[Stored dataset items]
- - -
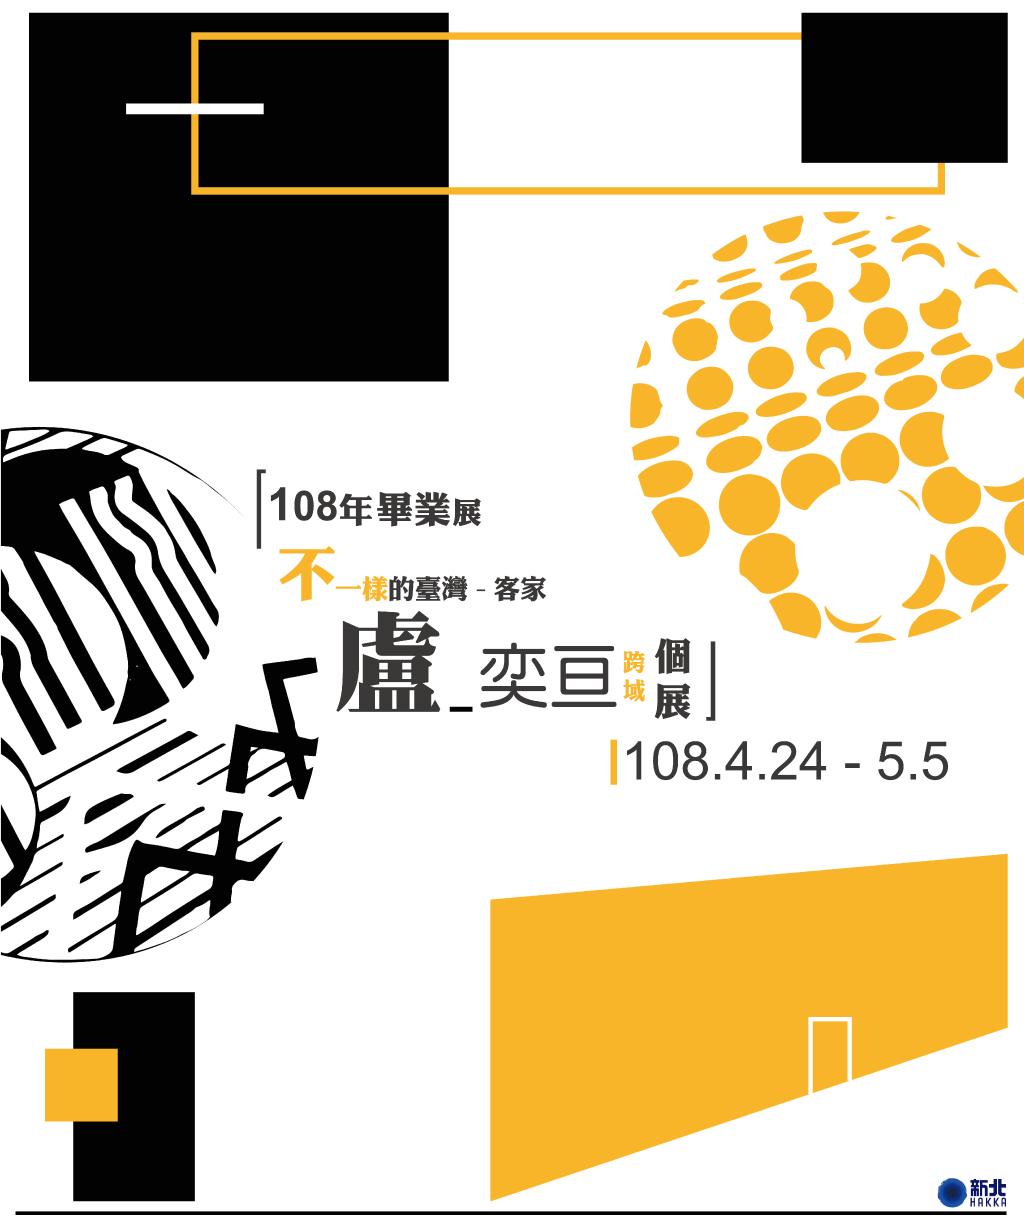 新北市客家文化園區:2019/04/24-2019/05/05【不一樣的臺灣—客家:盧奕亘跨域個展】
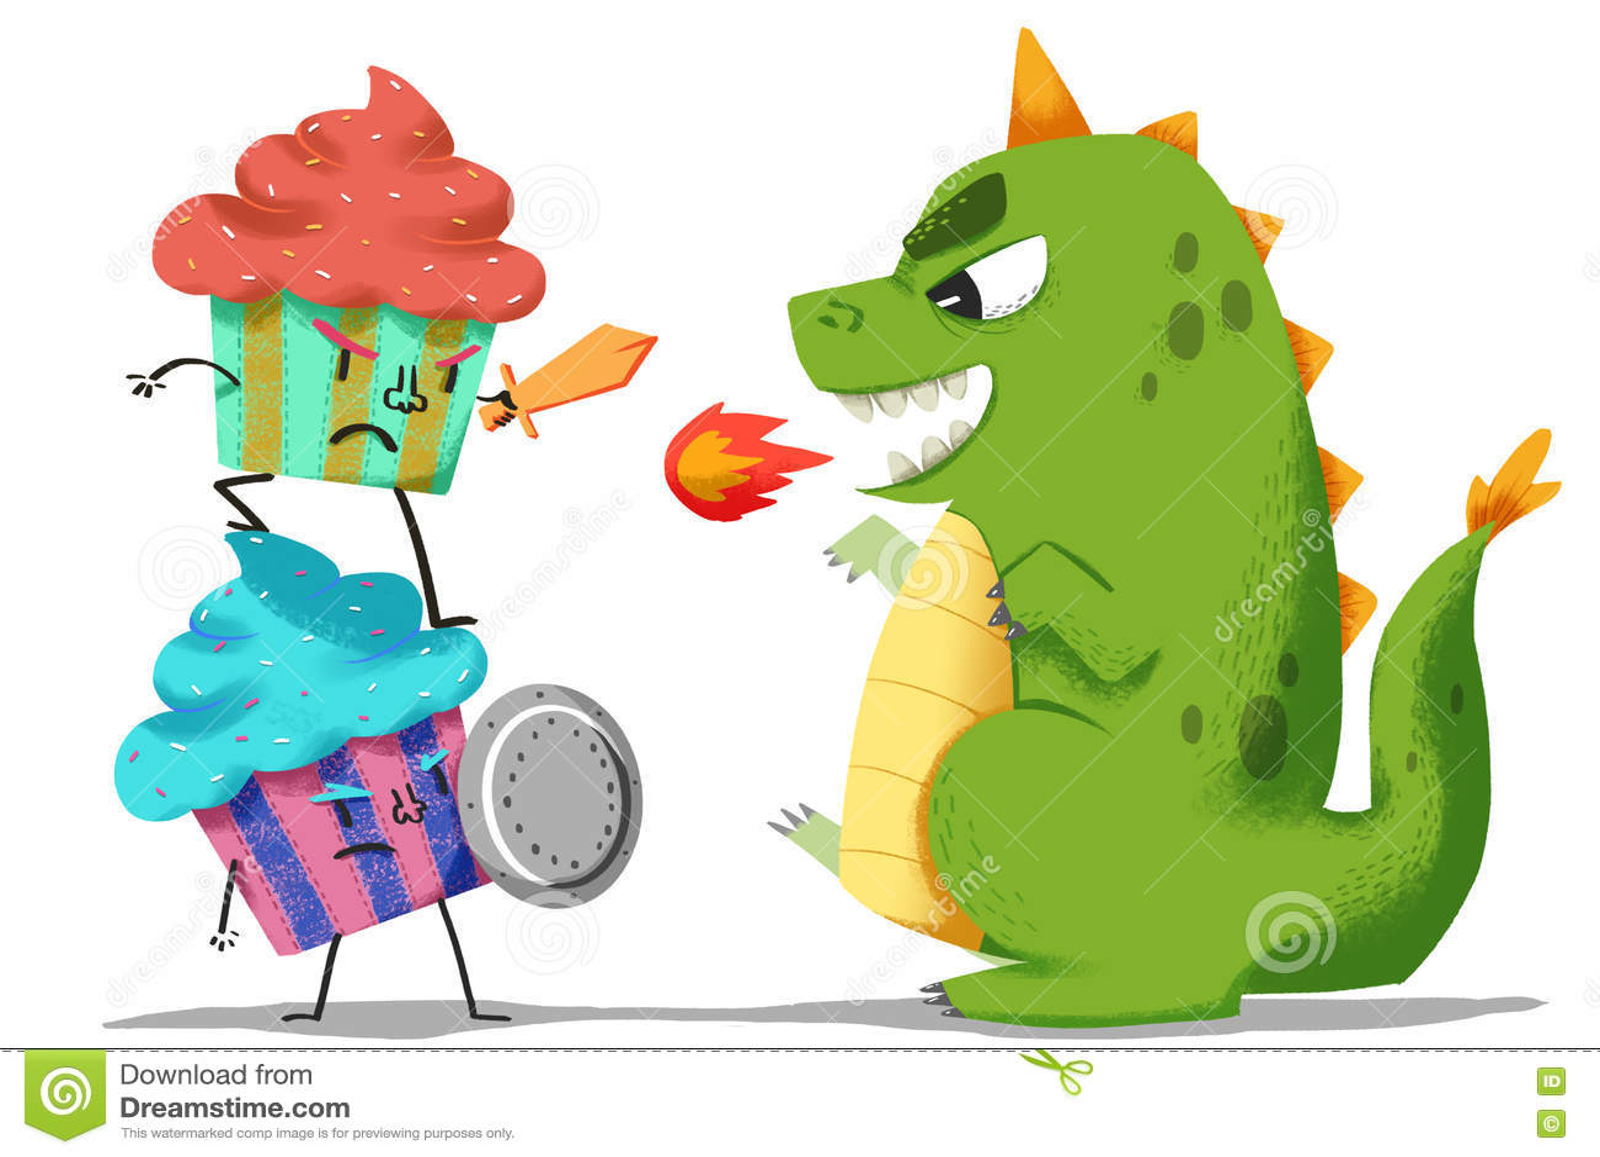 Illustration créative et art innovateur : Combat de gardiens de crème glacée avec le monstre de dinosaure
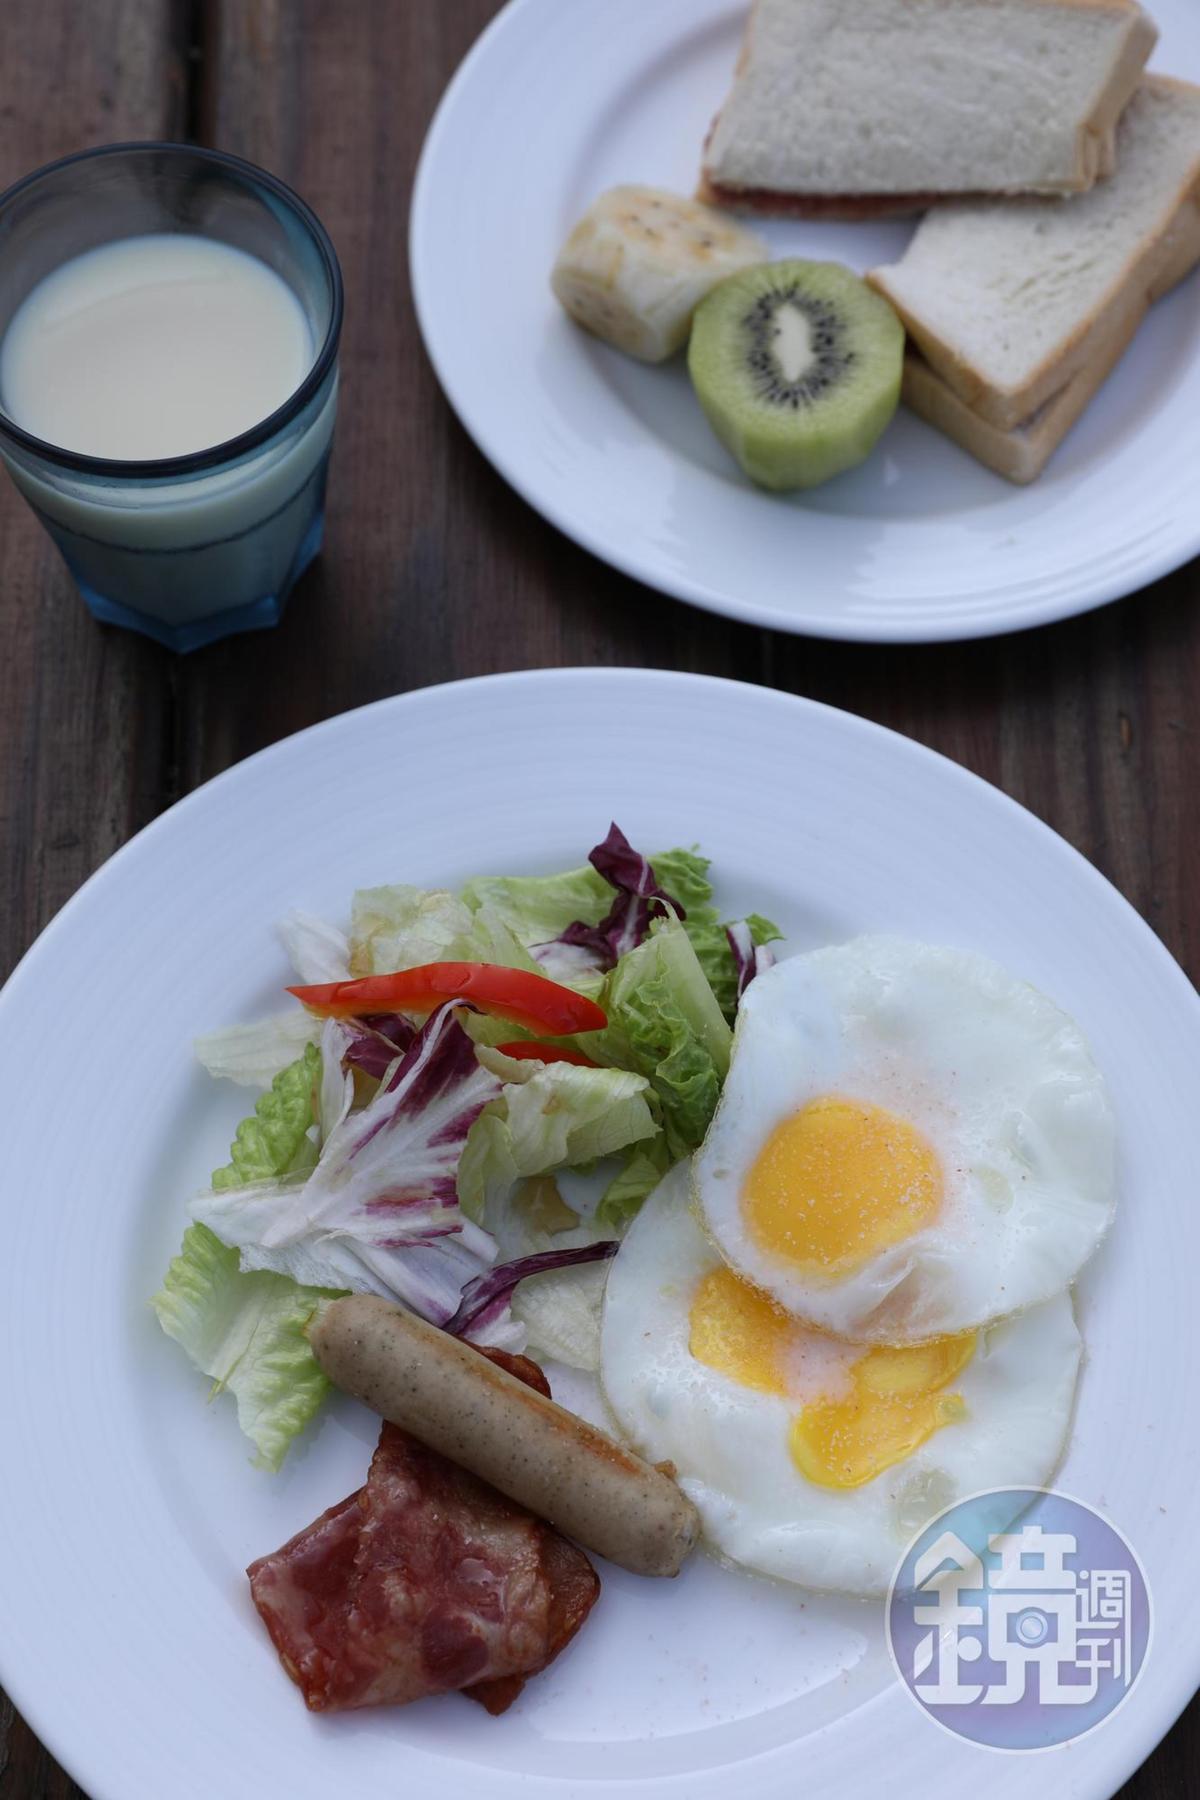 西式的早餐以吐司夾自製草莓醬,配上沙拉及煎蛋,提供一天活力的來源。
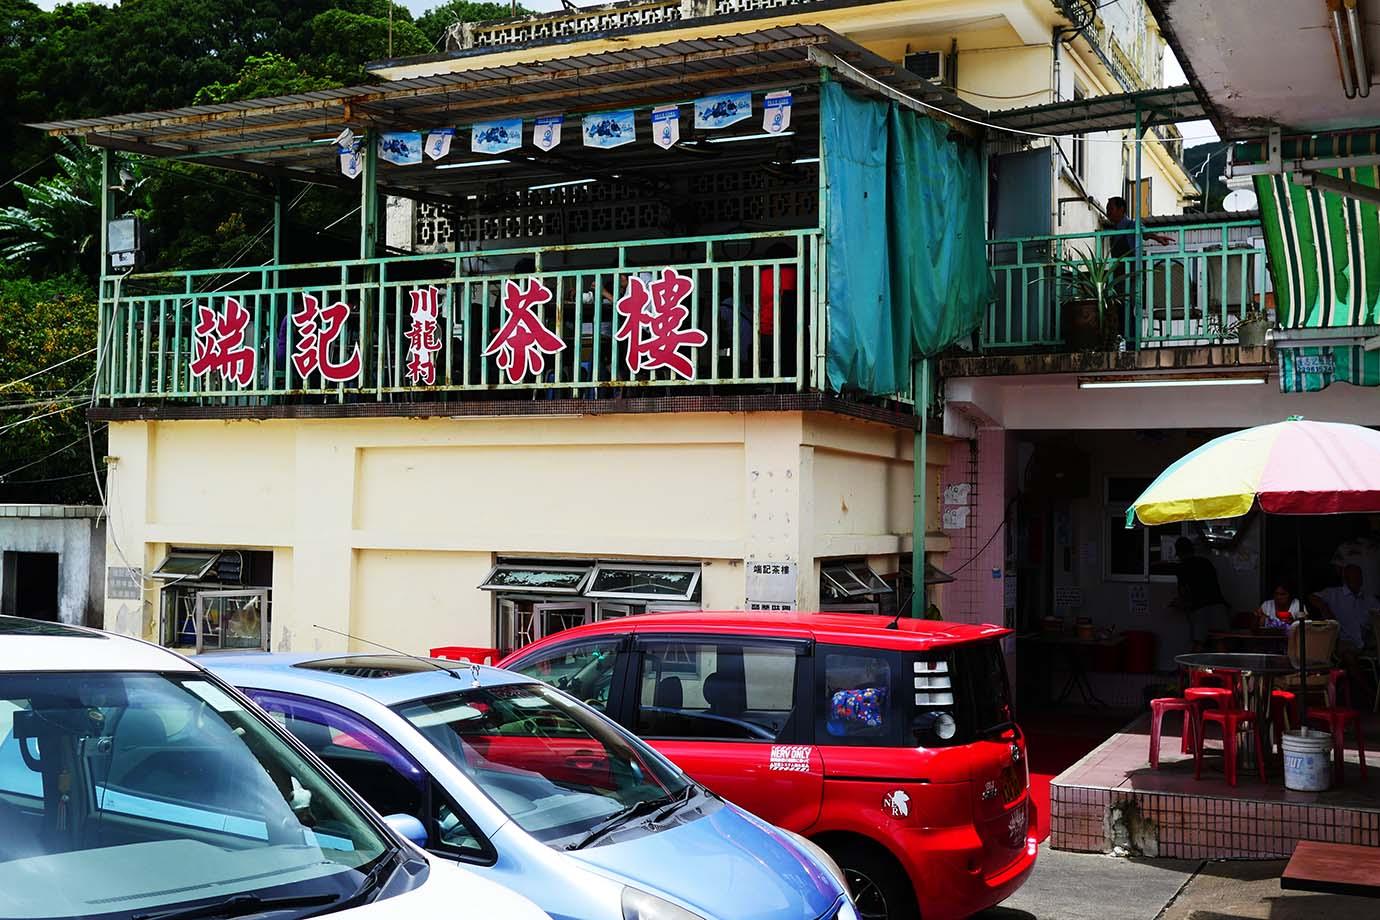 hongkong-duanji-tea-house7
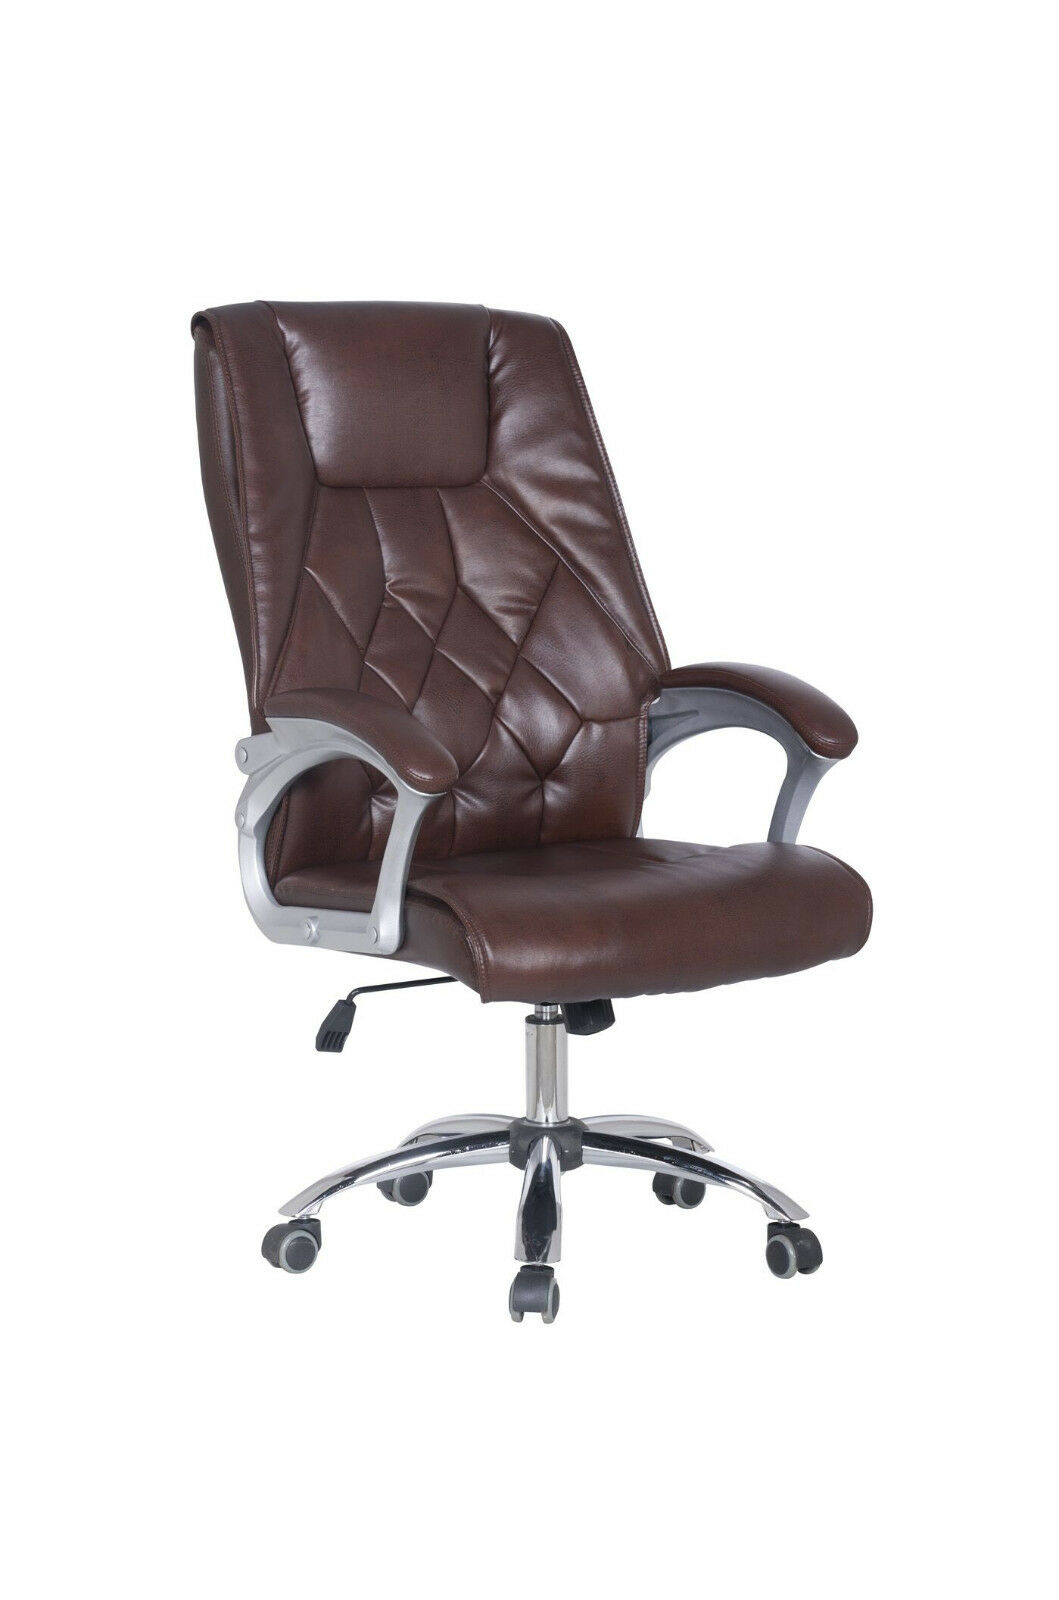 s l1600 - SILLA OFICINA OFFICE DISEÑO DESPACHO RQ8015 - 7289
- - -
■ **What to produce**: Reproduce the entries above exactly, though not their pictures.

■ **Written solution**:
 新北市客家文化園區:2019/04/24-2019/05/05【不一樣的臺灣—客家:盧奕亘跨域個展】
 Illustration créative et art innovateur : Combat de gardiens de crème glacée avec le monstre de dinosaure
 西式的早餐以吐司夾自製草莓醬,配上沙拉及煎蛋,提供一天活力的來源。
 hongkong-duanji-tea-house7
 s l1600 - SILLA OFICINA OFFICE DISEÑO DESPACHO RQ8015 - 7289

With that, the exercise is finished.